## DATA BELOW
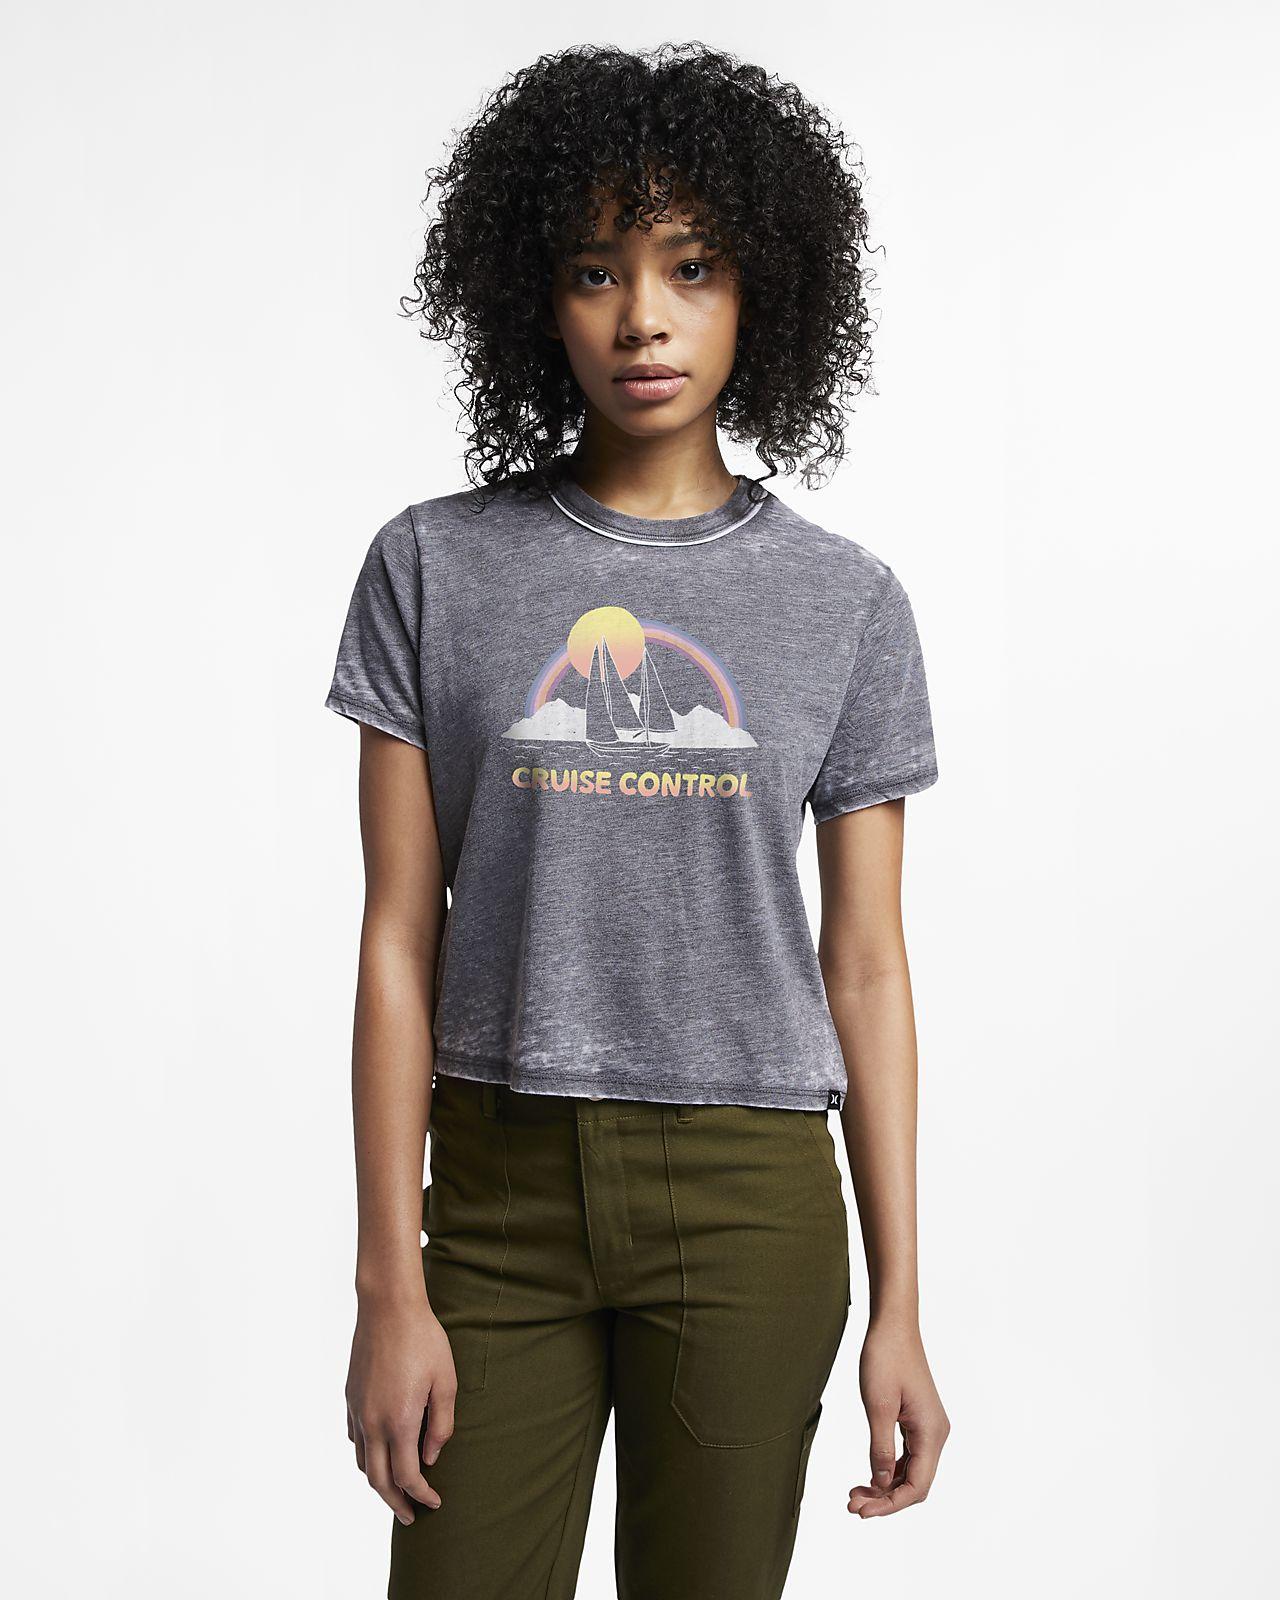 Hurley Cruise Control T-shirt voor dames
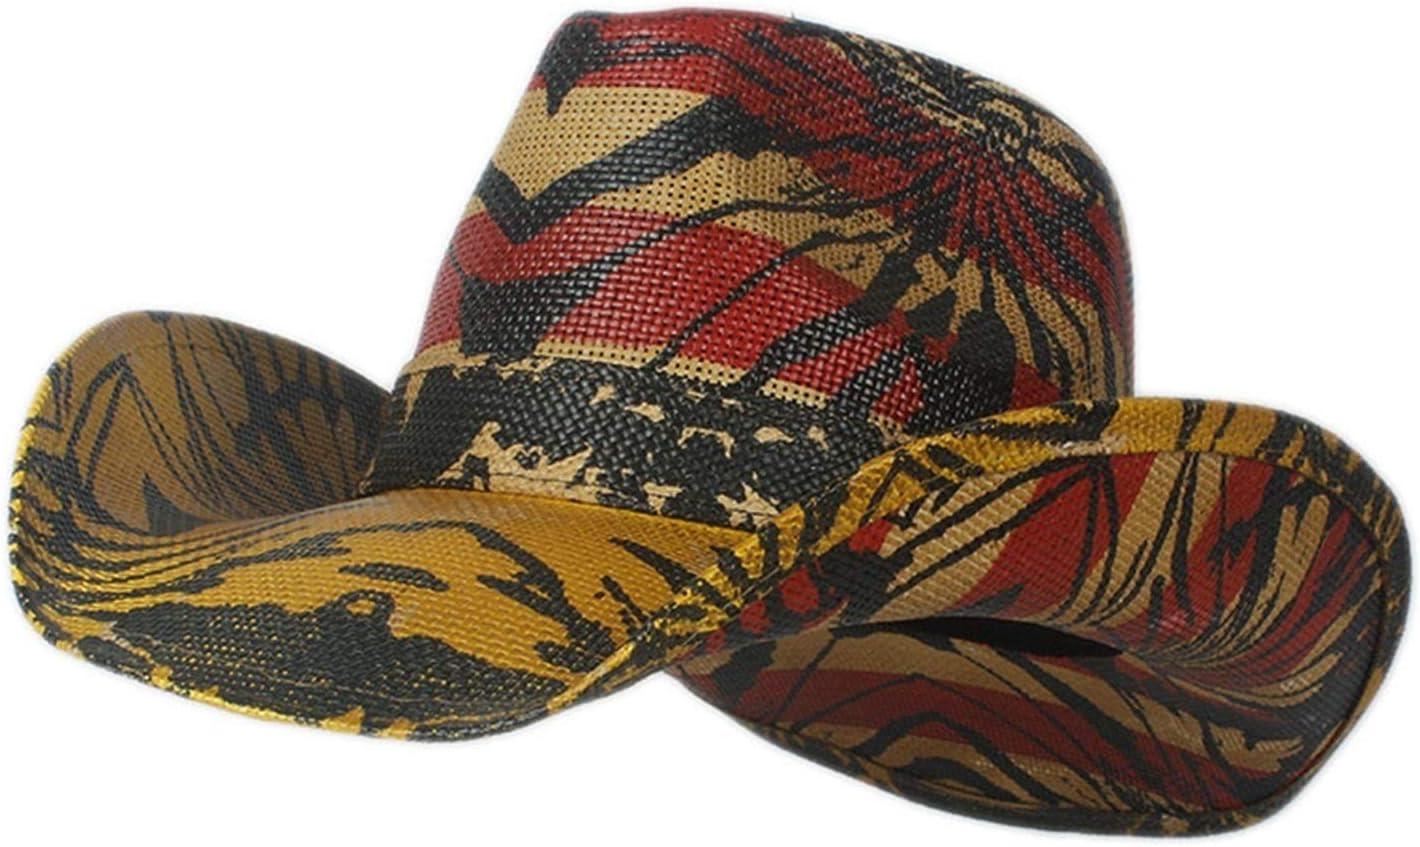 LHZUS Hats Women Men Straw Cowboy Hat Western Cowgirl Hat Sombre
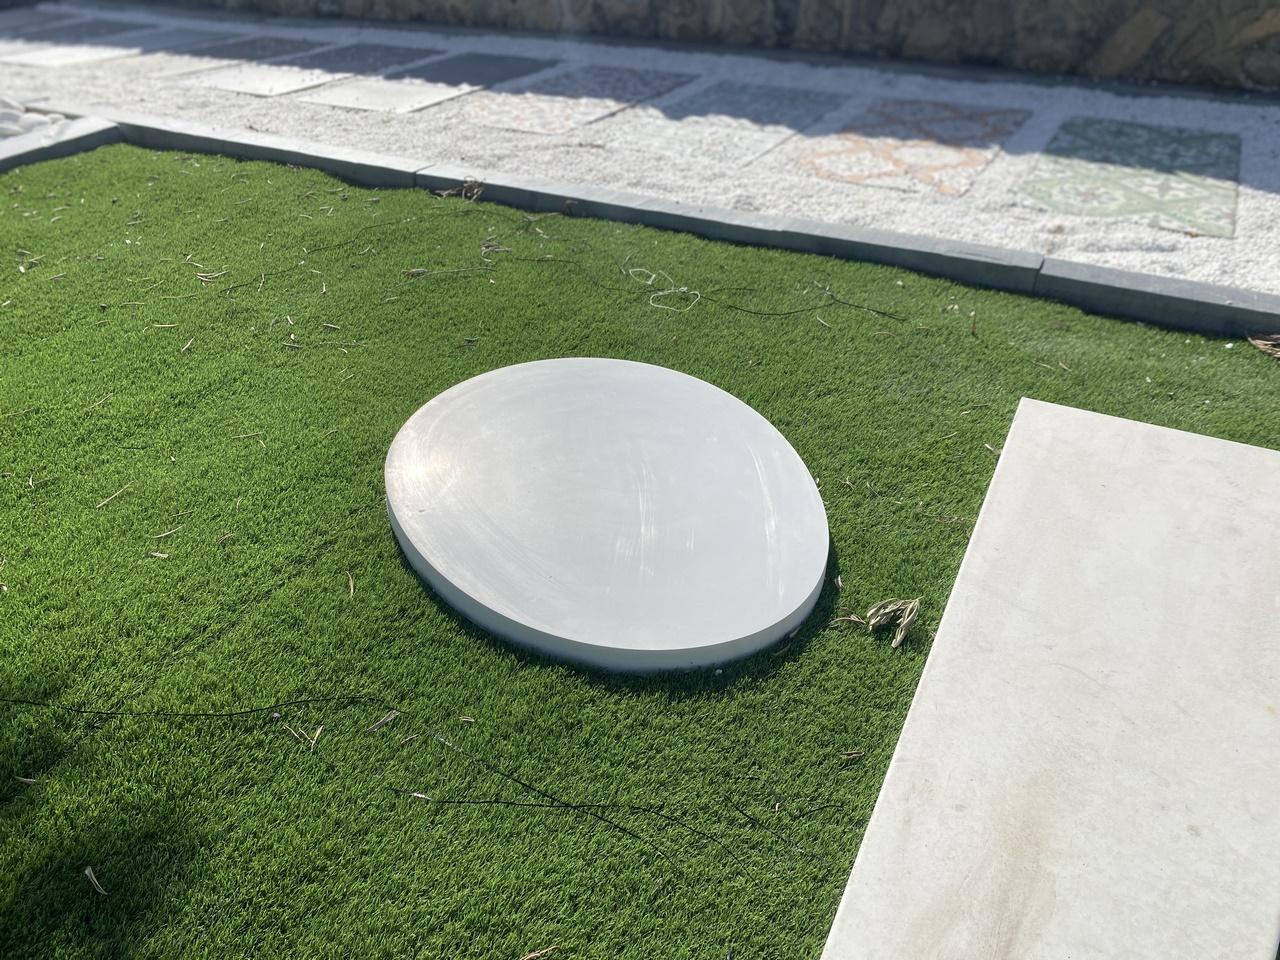 dalles-jardin-beton-pebble_1280x960 (14)
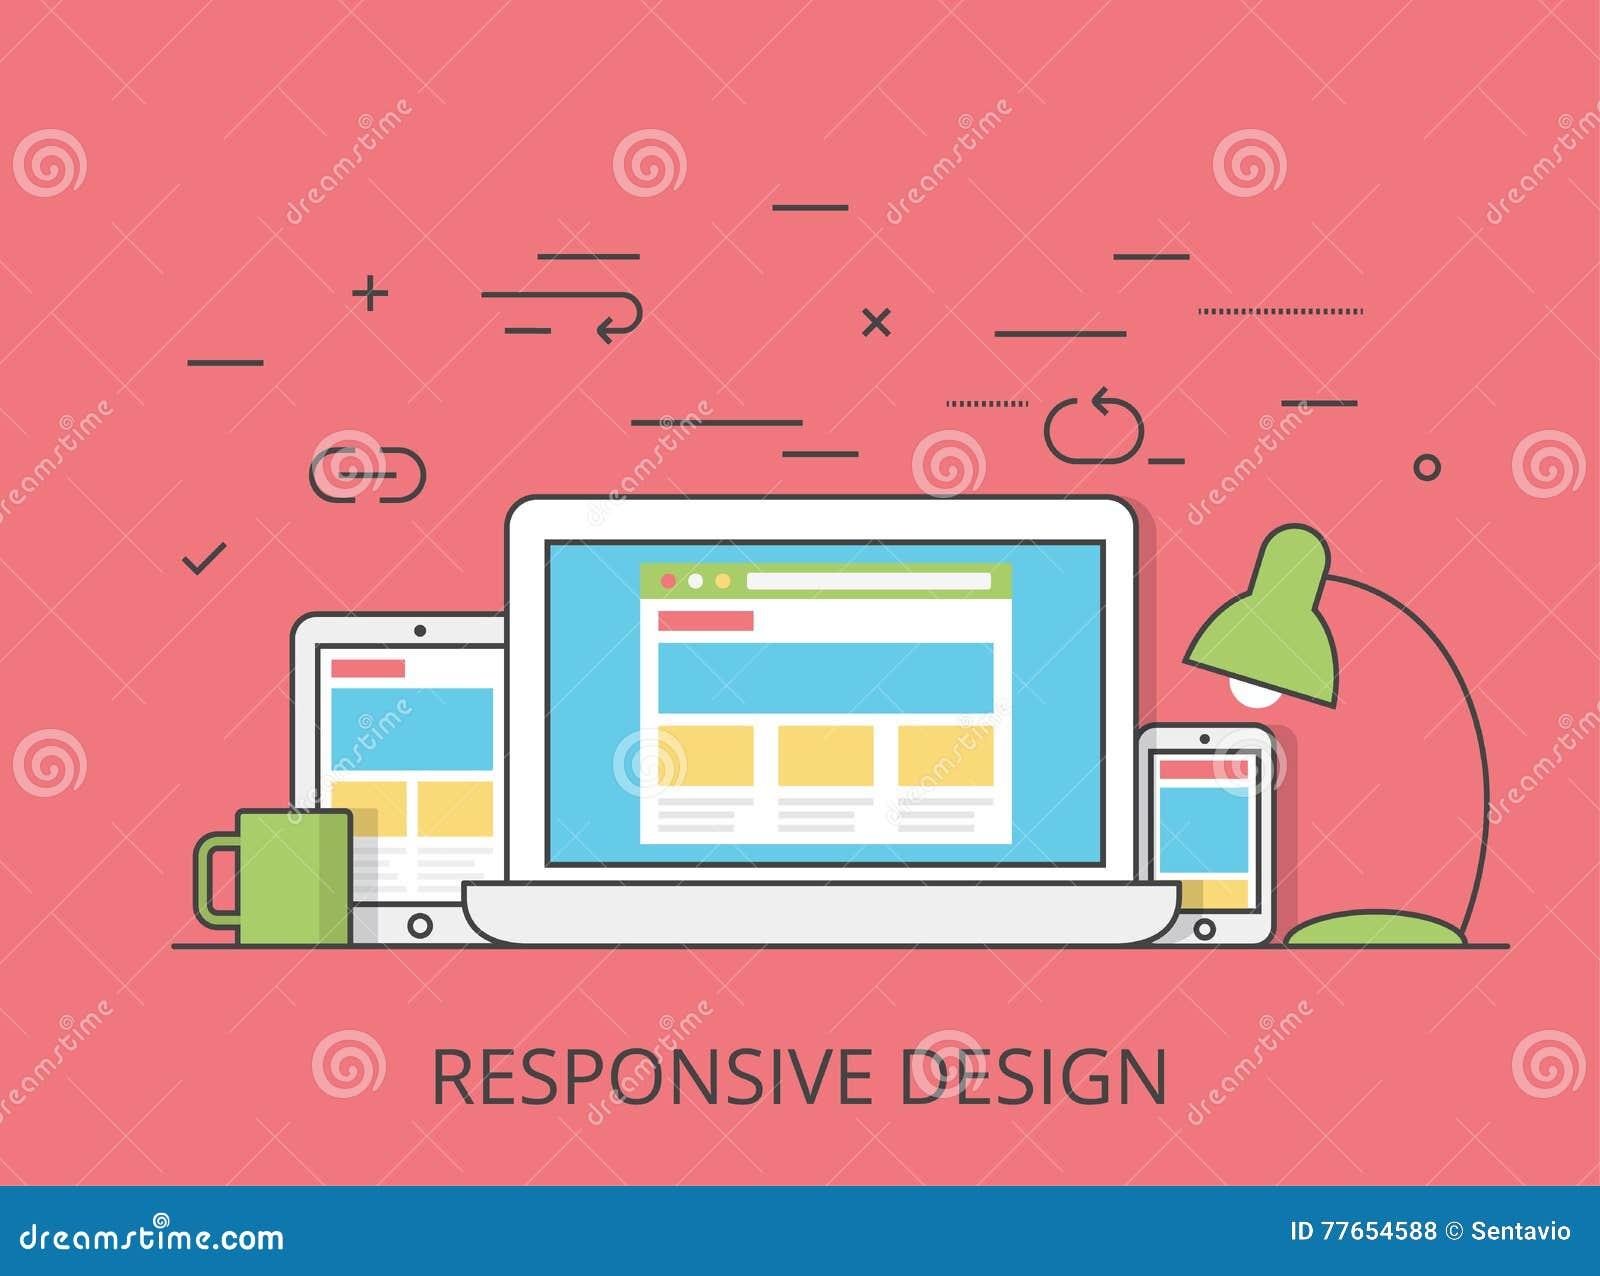 Lineart flat software responsive web design vector cartoon for App layout design software

## TASK BRIEF
Print nothing except the lines from the one with "LHZUS Hats Women" through the last line of the listing, exactly as written and with pictures removed.

## TASK SOLUTION
 LHZUS Hats Women Men Straw Cowboy Hat Western Cowgirl Hat Sombre
 dalles-jardin-beton-pebble_1280x960 (14)
 Lineart flat software responsive web design vector cartoon for App layout design software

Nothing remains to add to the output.